What drives consumption: - Spike count — more spikes mean more synaptic operations and higher power - Number of active connections — a synapse is considered active if |weight| > 0.1; only active connections contribute to power (weights below the threshold are treated as pruned). The cost per active synapse is a fixed hardware constant — weight magnitude beyond the threshold does not scale consumption. - Layer type — H1v1 and H1v2 have different hardware cost constants

spks must be a list of spike tensors (batch, timesteps, neurons), one per layer that contributes to power (i.e., layers with incoming synaptic weights).

import torch
import torch.nn as nn
from nwavesdk.layers import H1v2Synapse, H1v2Layer, prepare_net
from nwavesdk.metrics import get_chip_consumption
N_IN, N_HIDDEN, N_OUT, DT = 16, 20, 8, 1e-3

class TwoLayerNet(nn.Module):
    def __init__(self):
        super().__init__()
        self.syn1 = H1v2Synapse(N_IN,     N_HIDDEN, device="cpu")
        self.lyr1 = H1v2Layer(N_HIDDEN, taus=10e-3, dt=DT, layer_topology="FF", device="cpu")
        self.syn2 = H1v2Synapse(N_HIDDEN, N_OUT,    device="cpu")
        self.lyr2 = H1v2Layer(N_OUT,    taus=10e-3, dt=DT, layer_topology="FF", device="cpu")

    def forward(self, x):
        # x: (batch, timesteps, n_in)
        prepare_net(self)
        spk1_list, spk2_list = [], []
        for t in range(x.shape[1]):
            cur1 = self.syn1(x[:, t, :])
            spk1, _ = self.lyr1(cur1)
            cur2 = self.syn2(spk1)
            spk2, _ = self.lyr2(cur2)
            spk1_list.append(spk1)
            spk2_list.append(spk2)
        # Return one tensor per layer: (batch, timesteps, neurons)
        return torch.stack(spk1_list, dim=1), torch.stack(spk2_list, dim=1)

model = TwoLayerNet()
model.eval()
TwoLayerNet(
  (syn1): H1v2Synapse()
  (lyr1): H1v2Layer(
    (spike_grad): FastSigmoid(slope=25.0)
  )
  (syn2): H1v2Synapse()
  (lyr2): H1v2Layer(
    (spike_grad): FastSigmoid(slope=25.0)
  )
)
# Collect spike tensors over a batch of synthetic inputs.
BATCH, T = 32, 50
x = (torch.rand(BATCH, T, N_IN) > 0.8).float()

with torch.no_grad():
    spk_hidden, spk_out = model(x)

# Pass the spike tensors for every layer that has incoming synaptic weights.
spks = [spk_hidden, spk_out]
power_W = get_chip_consumption(model, spks, dt=DT)

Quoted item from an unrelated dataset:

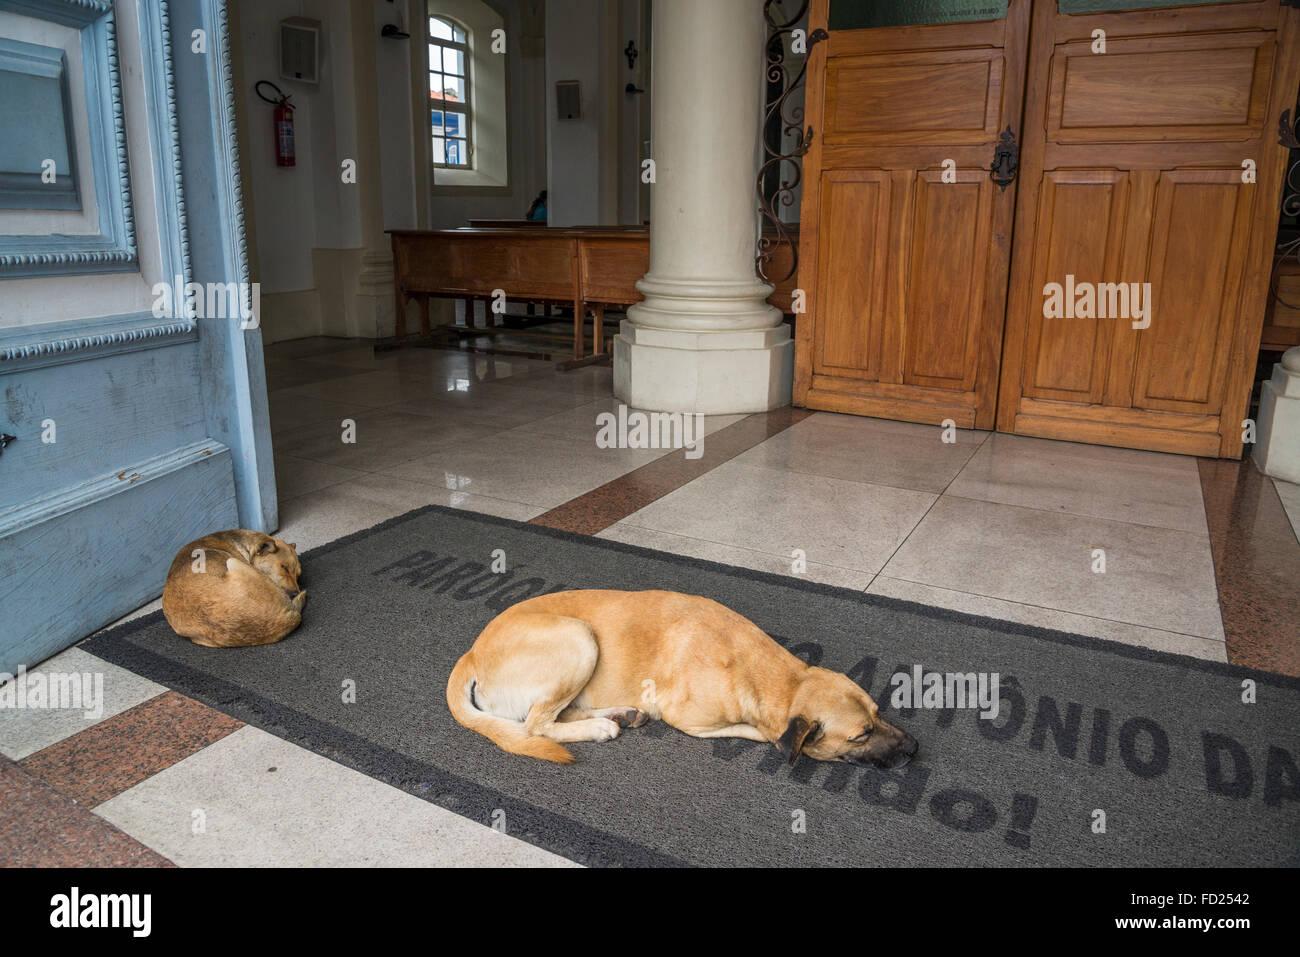 Dogs sleeping in front of Catedral Metropolitana, Santo Antonio Cathedral, Diamantina, Minas Gerais, Brazil - Stock Image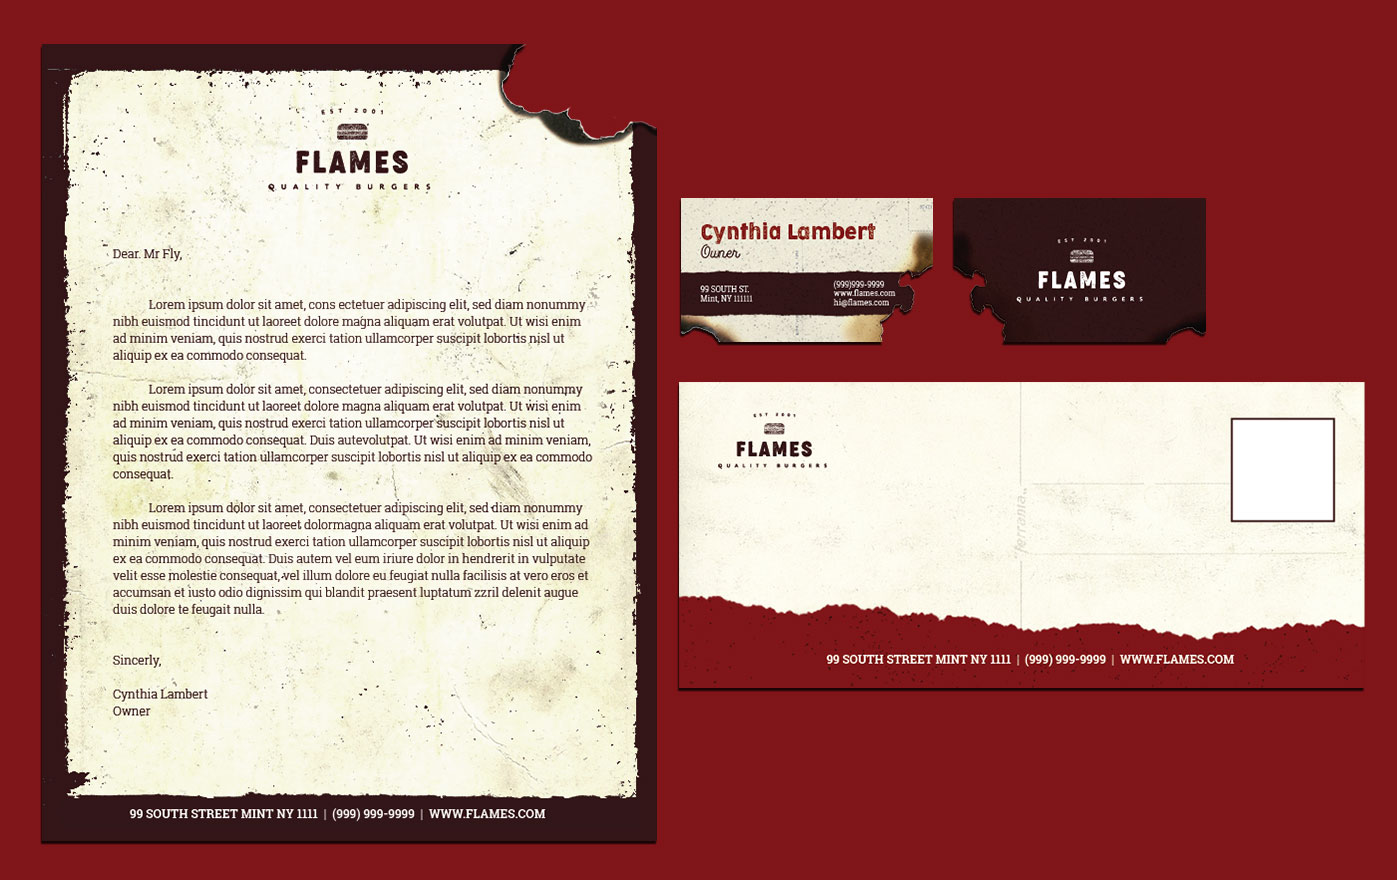 Flames_Brand_Identity-Mockup-v3.jpg

energy_per_inference_nJ = power_W * T * DT * 1e9  # convert J → nJ

print(f"Average power:          {power_W * 1e6:.3f} µW")
print(f"Energy per inference:   {energy_per_inference_nJ:.3f} nJ")
print(f"\nMean hidden firing rate: {spk_hidden.mean().item():.3f} spk/ts/neuron")
print(f"Mean output firing rate: {spk_out.mean().item():.3f} spk/ts/neuron")
Average power:          0.011 µW
Energy per inference:   0.549 nJ

Mean hidden firing rate: 0.077 spk/ts/neuron
Mean output firing rate: 0.064 spk/ts/neuron

Reducing consumption

Two levers control power:

1. Reduce spike count — use firing_rate_target_mse_loss to penalise high activity:

from nwavesdk.loss import firing_rate_target_mse_loss

activity_loss = firing_rate_target_mse_loss(
    spikes_list=[spk_hidden, spk_out],
    offsets=[0.05, 0.05],      # target 5% firing rate per layer
    multipliers=[1.0, 1.0],
)

2. Prune connections — synaptic weights with |w| ≤ 0.1 are treated as inactive by get_chip_consumption and contribute nothing to power. Training networks to have fewer active connections (more weights near zero) directly reduces consumption.